**WHAT YOU SHOULD DO**
Task for the records below: copy exactly, and only, the line containing "Shimano Beastmaster Spinning" and every line after it to the end, with pictures left out.

──────────

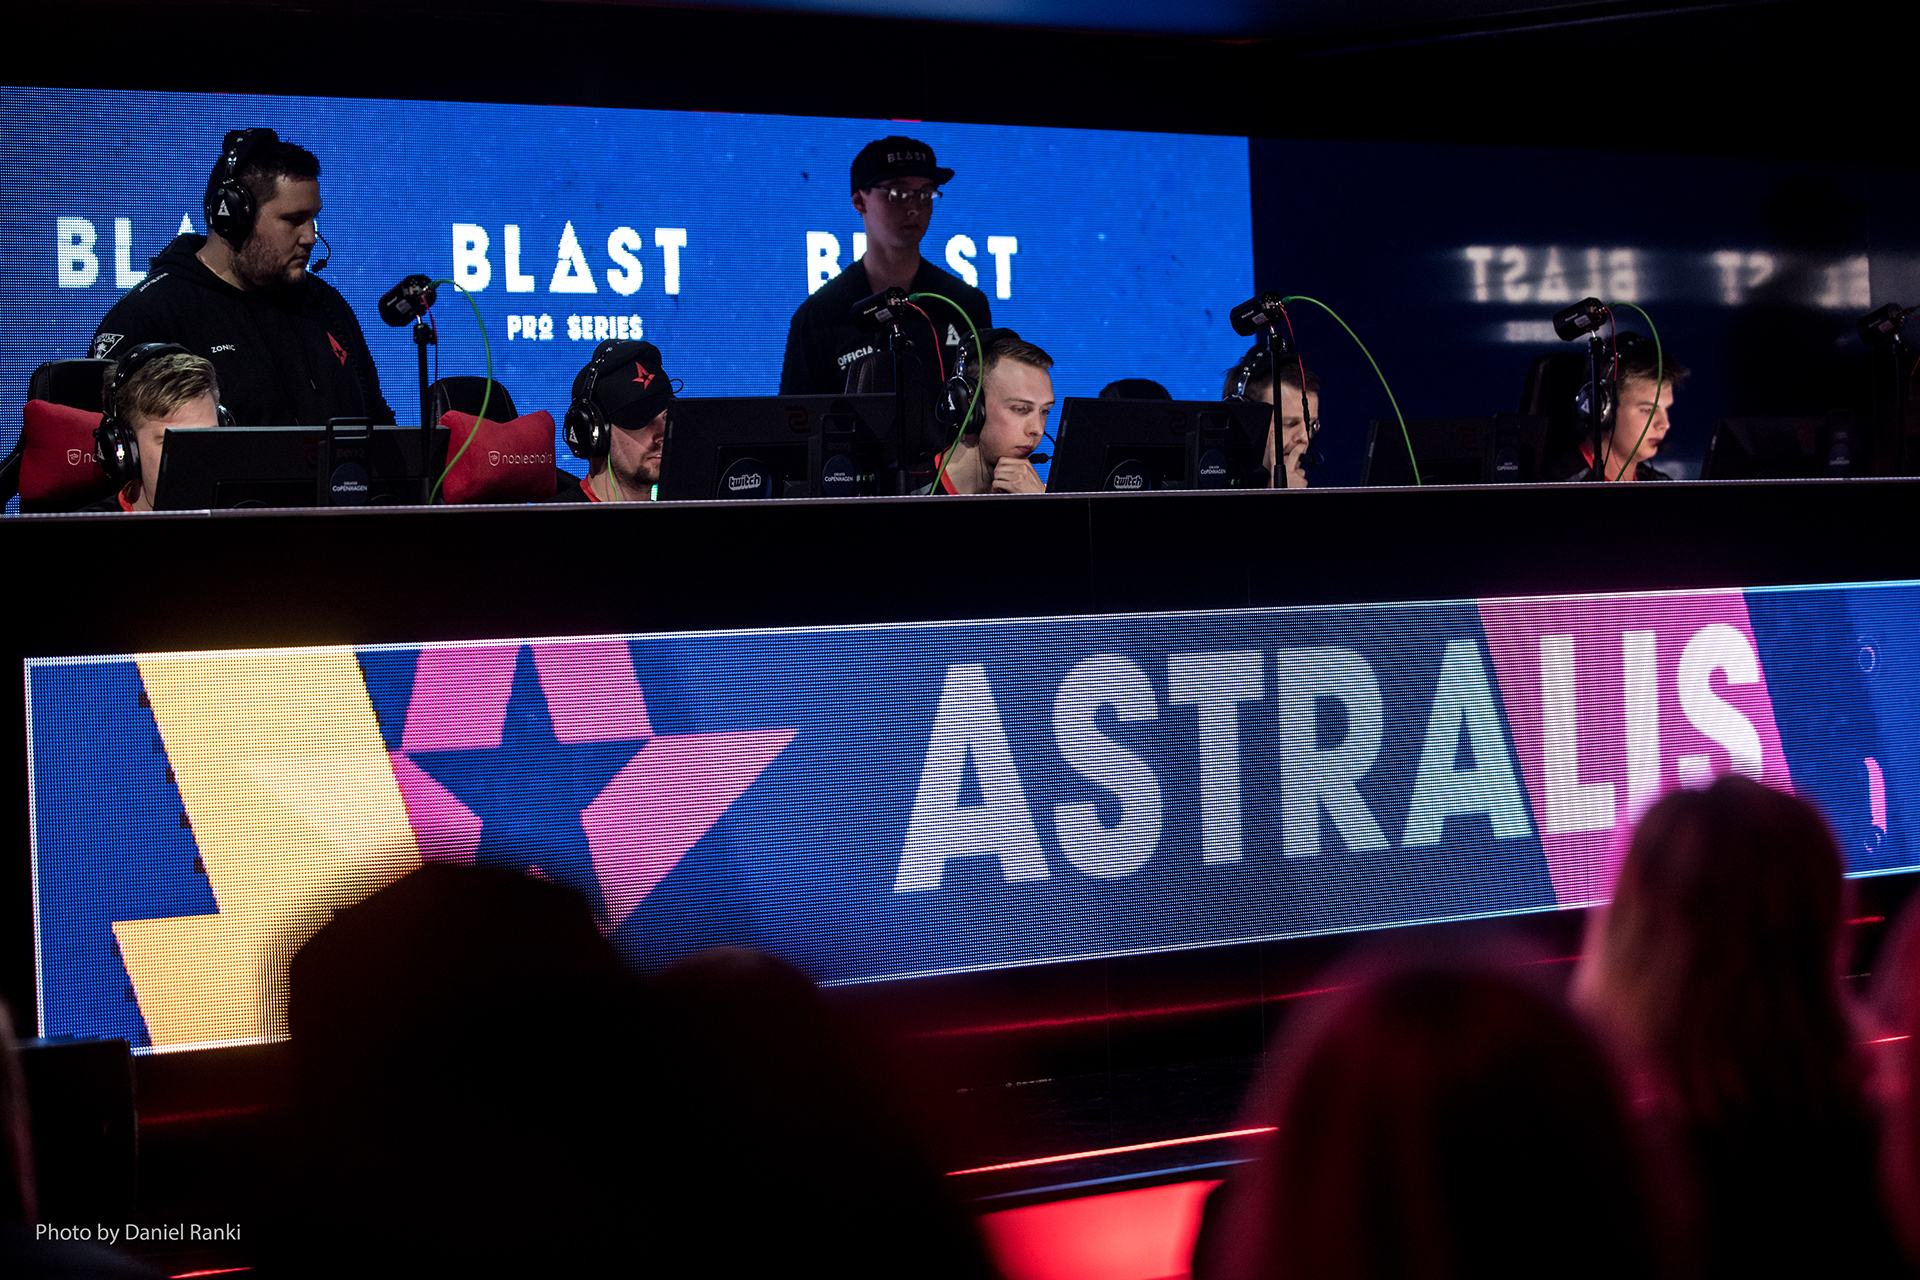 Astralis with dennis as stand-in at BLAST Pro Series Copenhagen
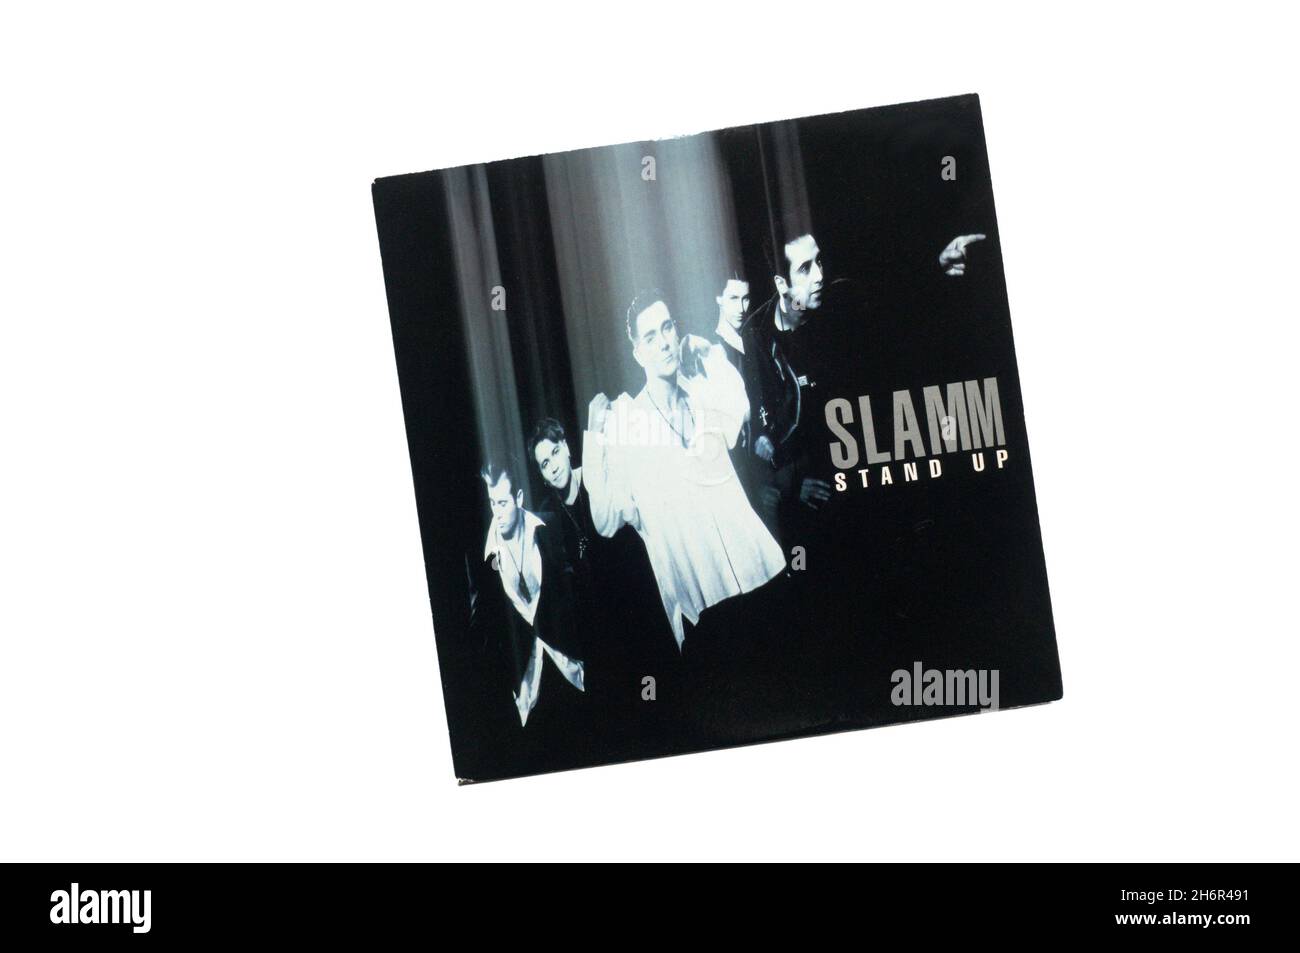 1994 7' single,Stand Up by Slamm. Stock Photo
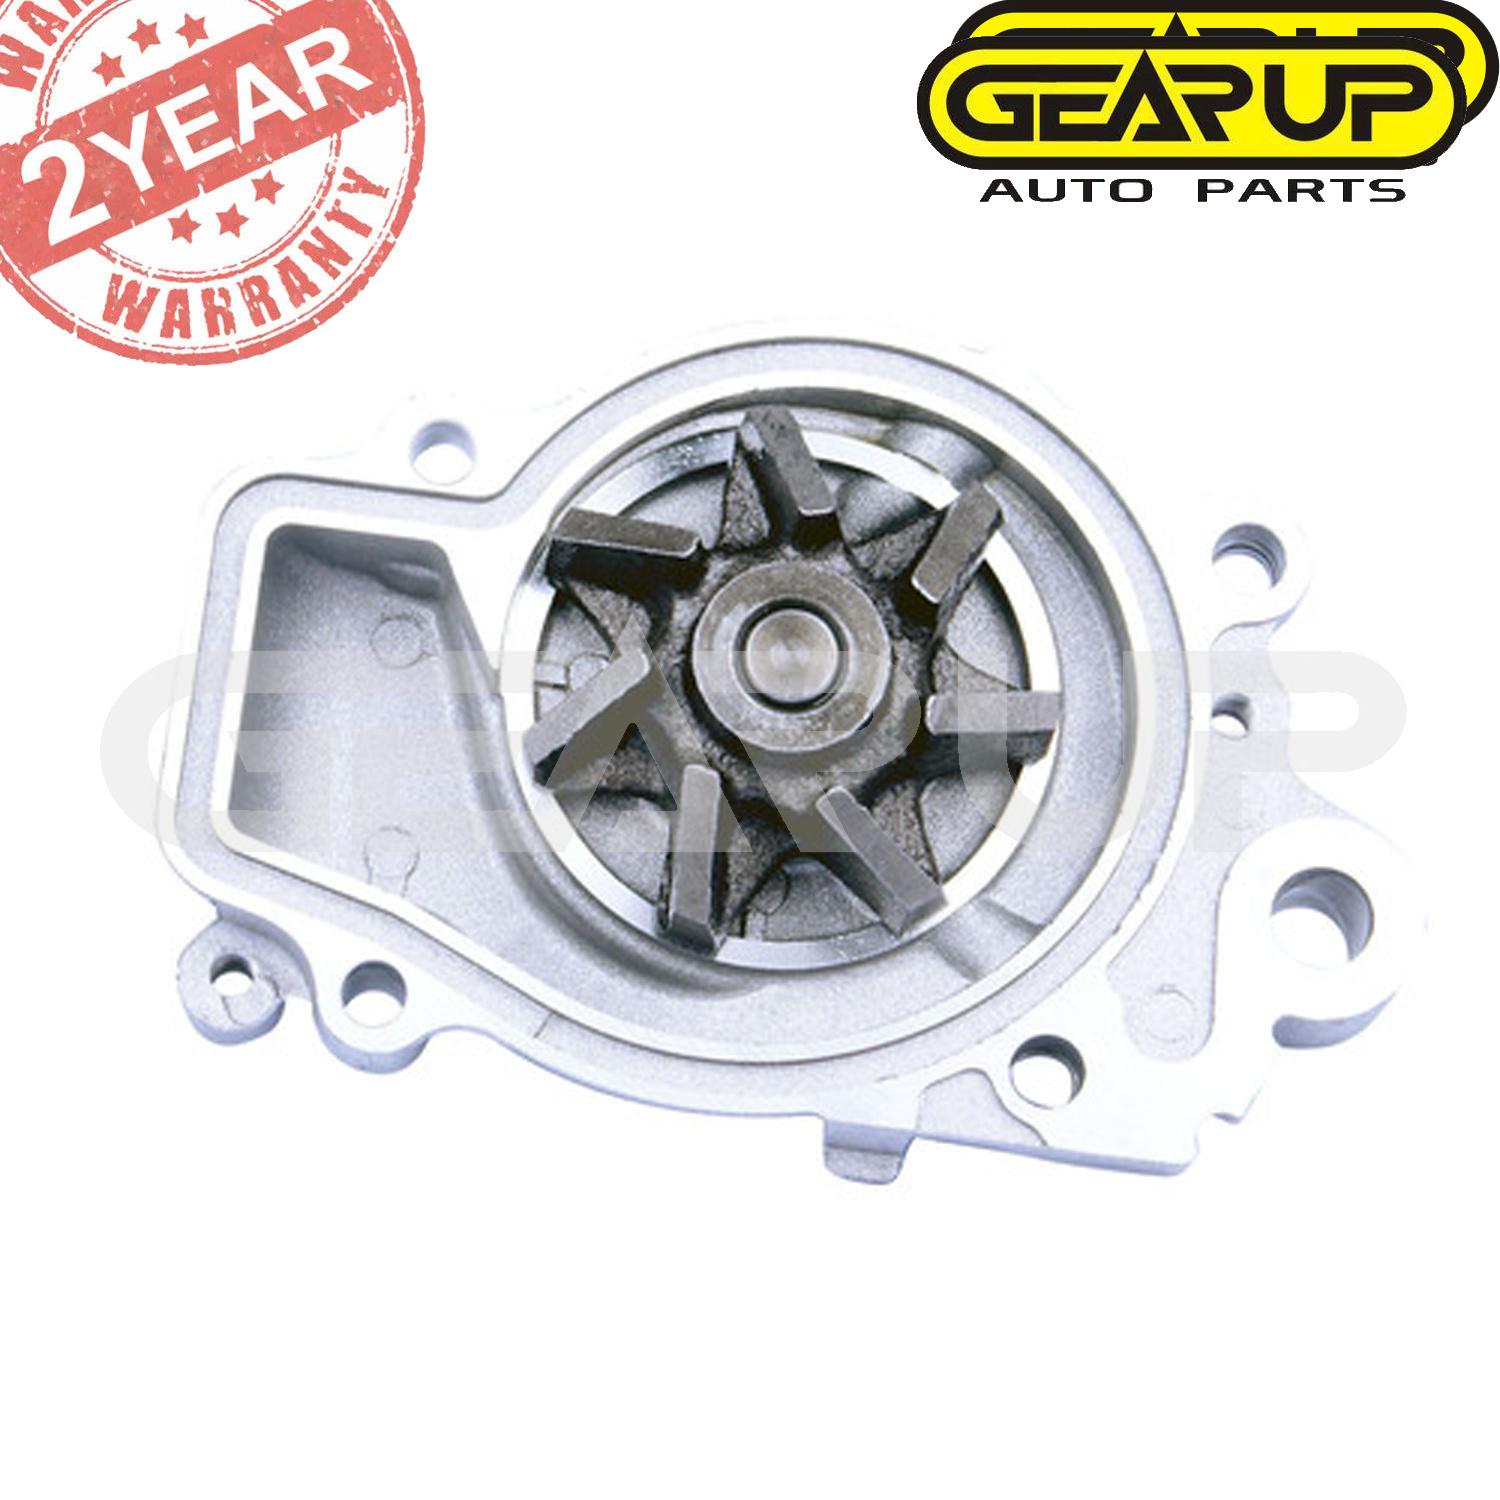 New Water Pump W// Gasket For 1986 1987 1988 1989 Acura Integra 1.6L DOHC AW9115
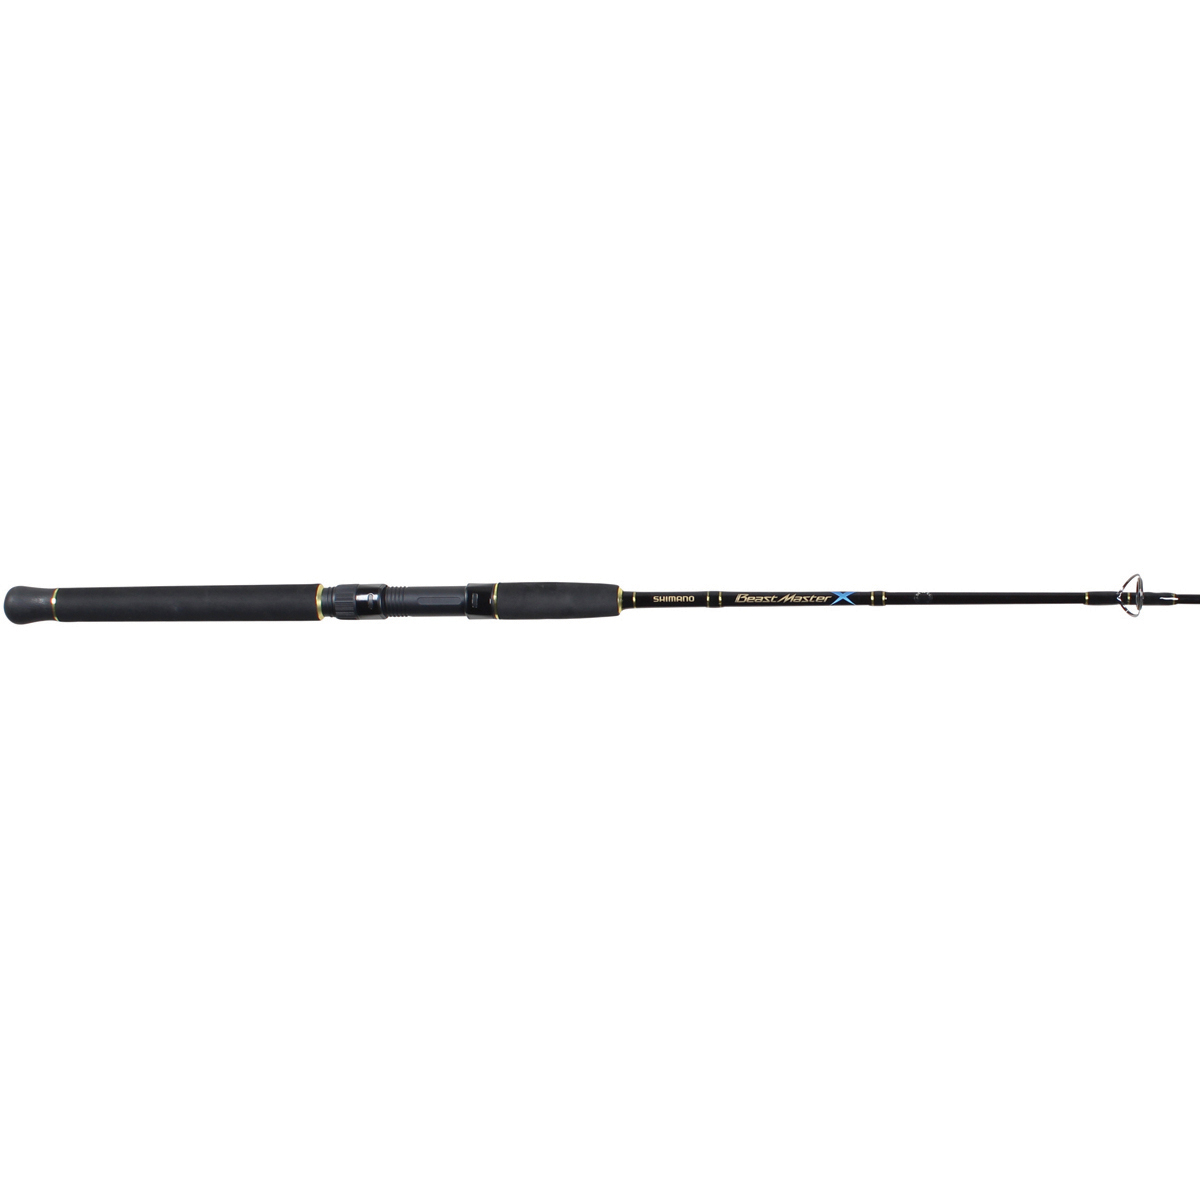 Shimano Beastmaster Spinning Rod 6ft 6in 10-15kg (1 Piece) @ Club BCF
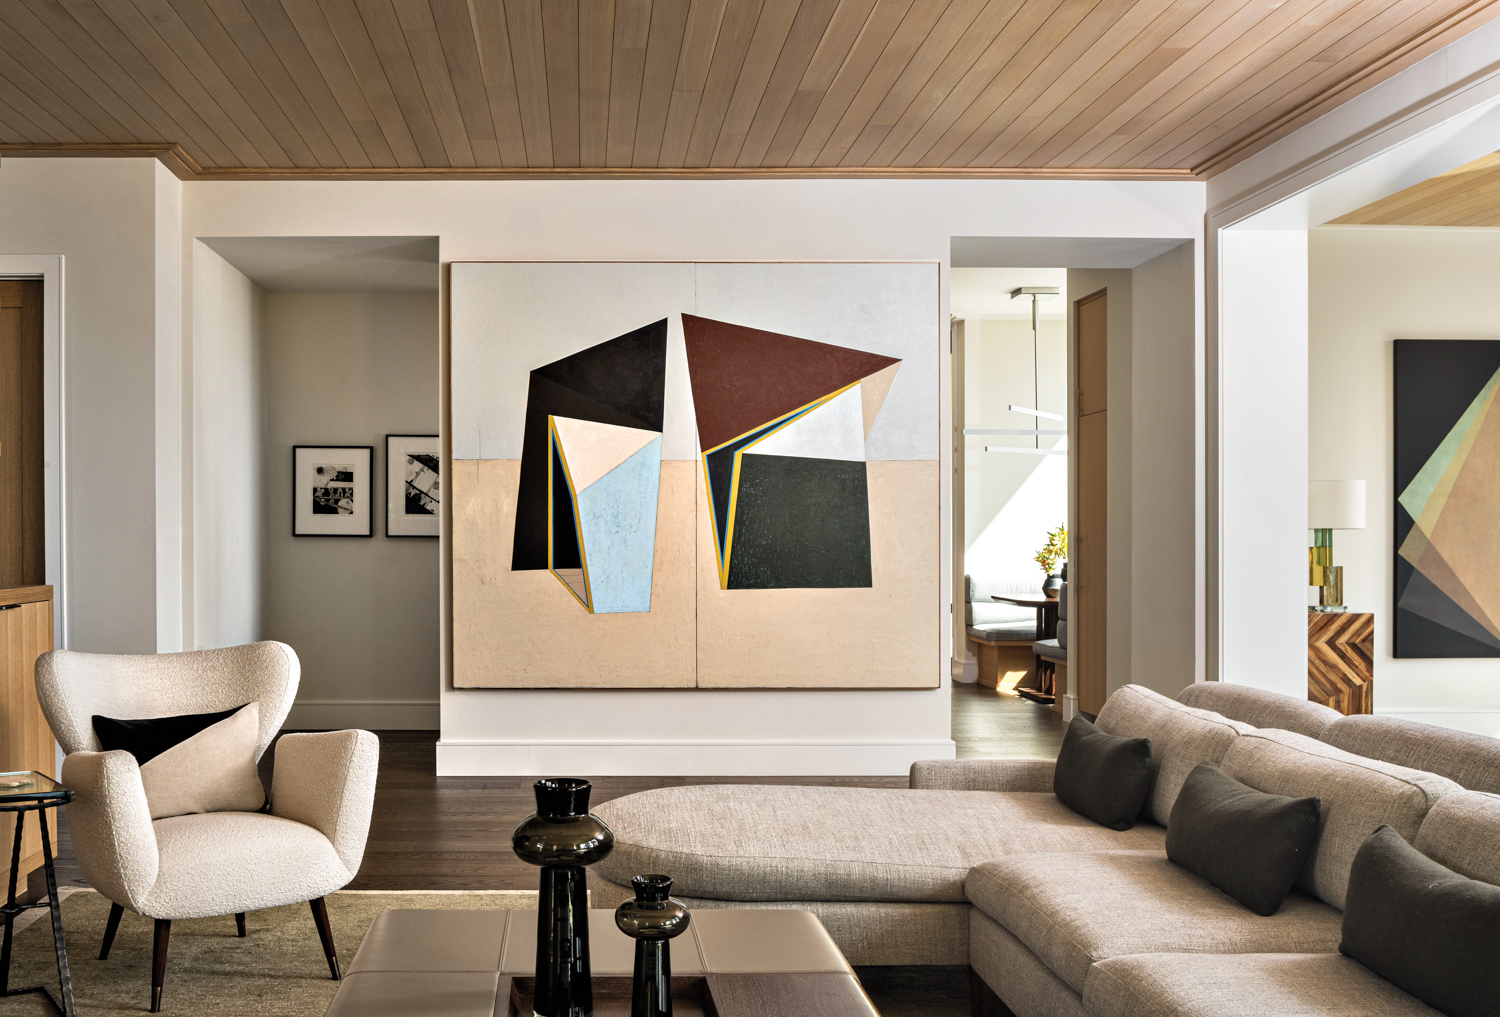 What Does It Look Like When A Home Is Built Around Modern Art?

──────────

**EXERCISE SOLUTION**
 Shimano Beastmaster Spinning Rod 6ft 6in 10-15kg (1 Piece) @ Club BCF
 What Does It Look Like When A Home Is Built Around Modern Art?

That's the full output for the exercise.